Unsurprisingly after being heavily criticised for downgrading its guidance four times in FY 2021, management has decided against offering guidance for FY 2022.
Instead, it is providing current observations on key drivers and important issues that may impact its FY 2022 results.
This includes China’s infant nutrition market being materially impacted by a lower birth rate, especially recently due to COVID-19 and related vaccination programmes causing many people to delay pregnancy. Market share gains by domestic brands are expected to continue.
It also notes that the English label infant nutrition segment is targeting sales stabilisation in FY 2022 but a wide range of outcomes is possible. This is due largely to COVID-19 impacts on the daigou/reseller channel and associated impact on CBEC for English label products which are expected to be prolonged.

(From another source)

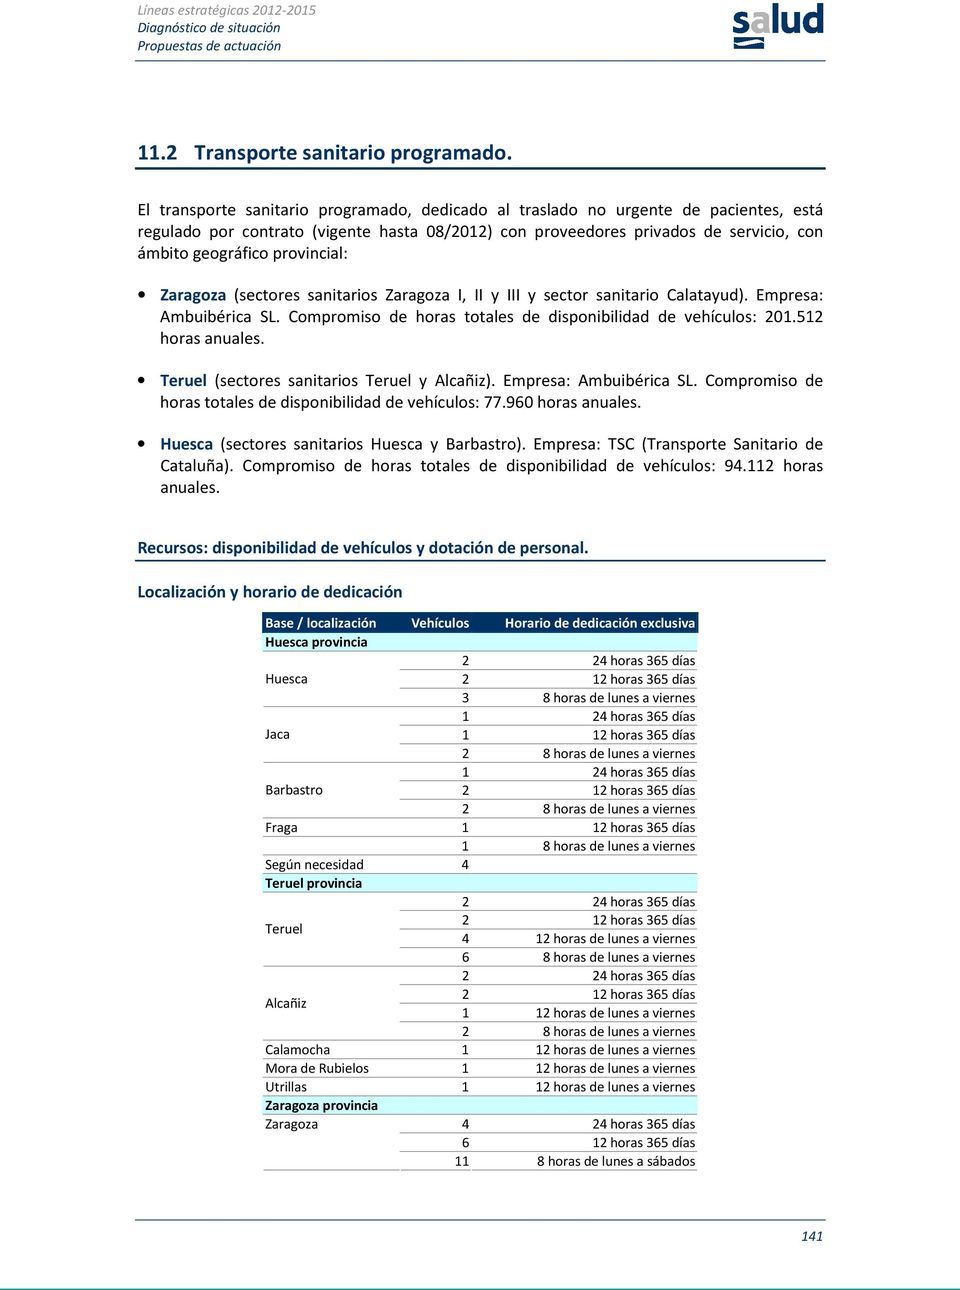 provincial: Zaragoza (sectores sanitarios Zaragoza I, II y III y sector sanitario Calatayud). Empresa: Ambuibérica SL. Compromiso de horas totales de disponibilidad de vehículos: 201.
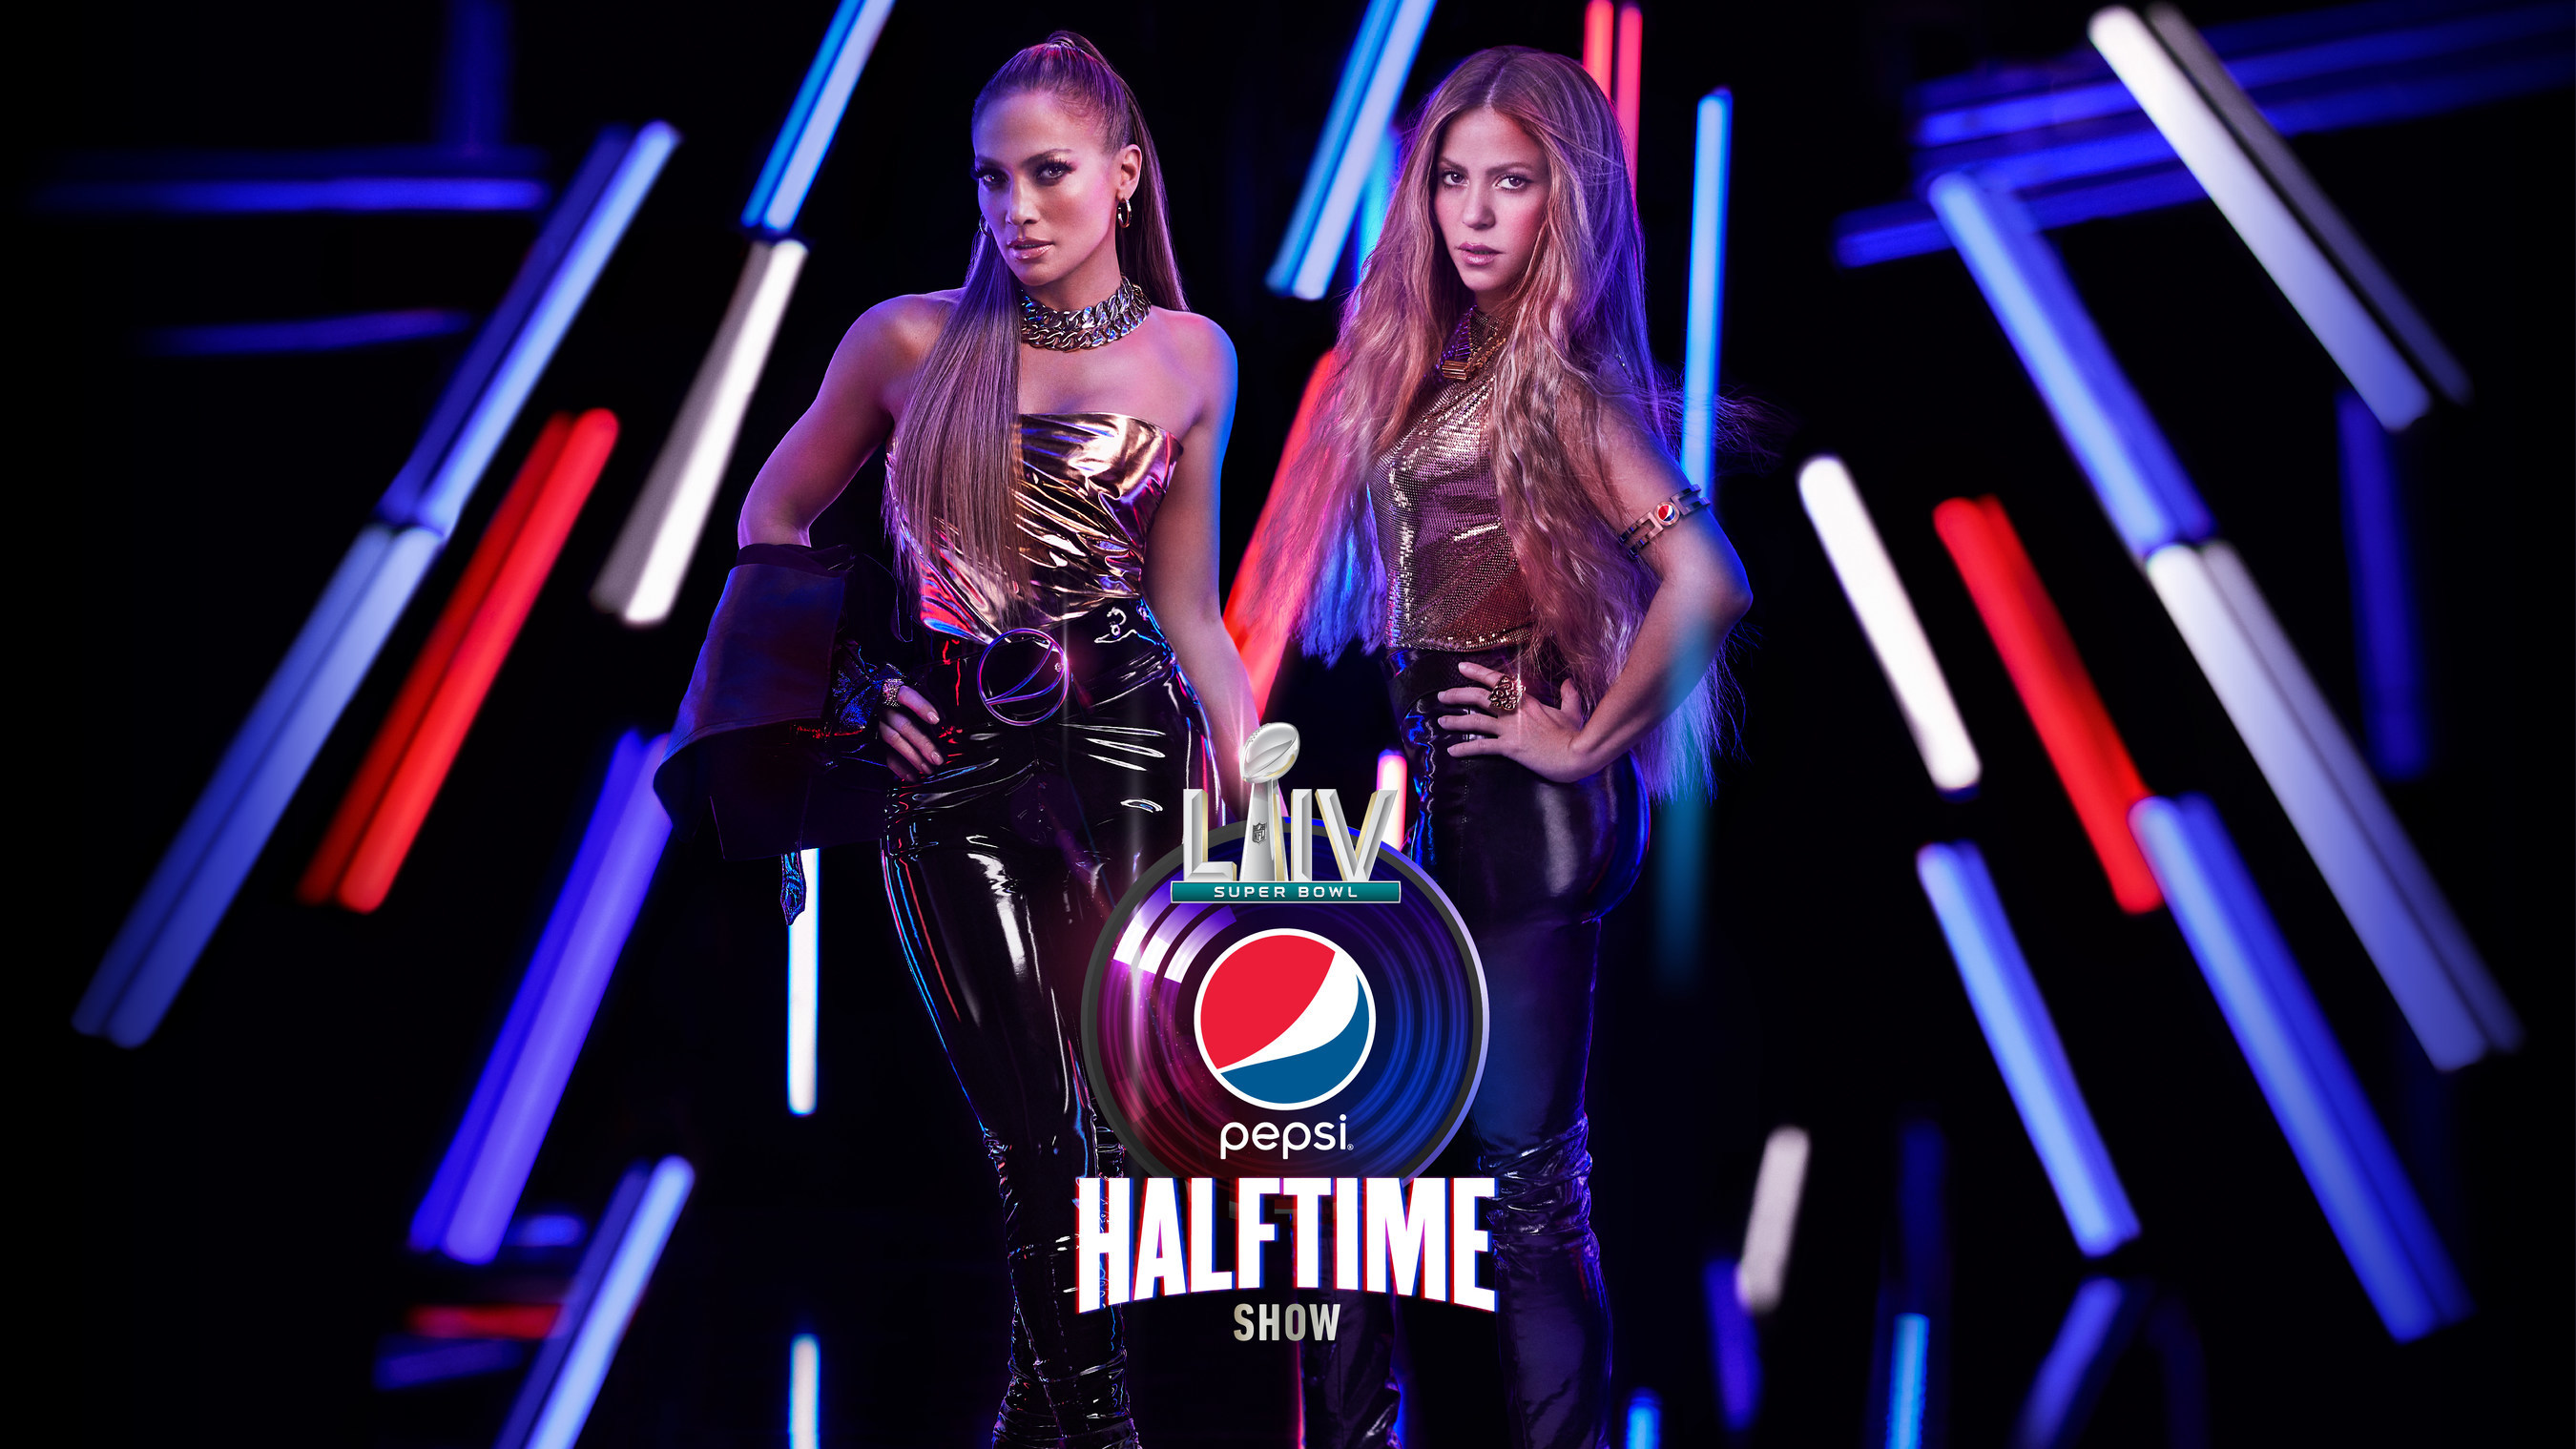 Las superestrellas Jennifer López y Shakira actuarán durante el Espectáculo  del Medio Tiempo del Super Bowl LIV Pepsi el domingo 2 de febrero de 2020  en FOX

Overall, the company is expecting first half revenue to be marginally lower than the prior corresponding period. Though, this includes revenue from the recently acquired Matura Valley business.
Furthermore, gross margins are expected to be similar for the full year, excluding FY 2021 inventory write downs.
It concluded: “Overall, although a2MC believes the business will continue to make significant progress on many fronts, FY22 is expected to continue to be a challenging and volatile year. Due to the actions taken in 4Q21 to address channel inventory and improve product freshness, coupled with strong brand health, the business is well-placed to adapt its strategy and execution to drive growth in the longer term. However, recovery in English label channels is expected to be slow and market growth in China will be subdued for some time.”
A2 Milk share price performance
Given the company’s abject performance over the last 12 months, it will come as no surprise to learn that the A2 Milk share price is underperforming the market significantly.
The A2 Milk share price is down 62% over the last 12 months. Shareholders will no doubt be hoping for better over the next 12 months.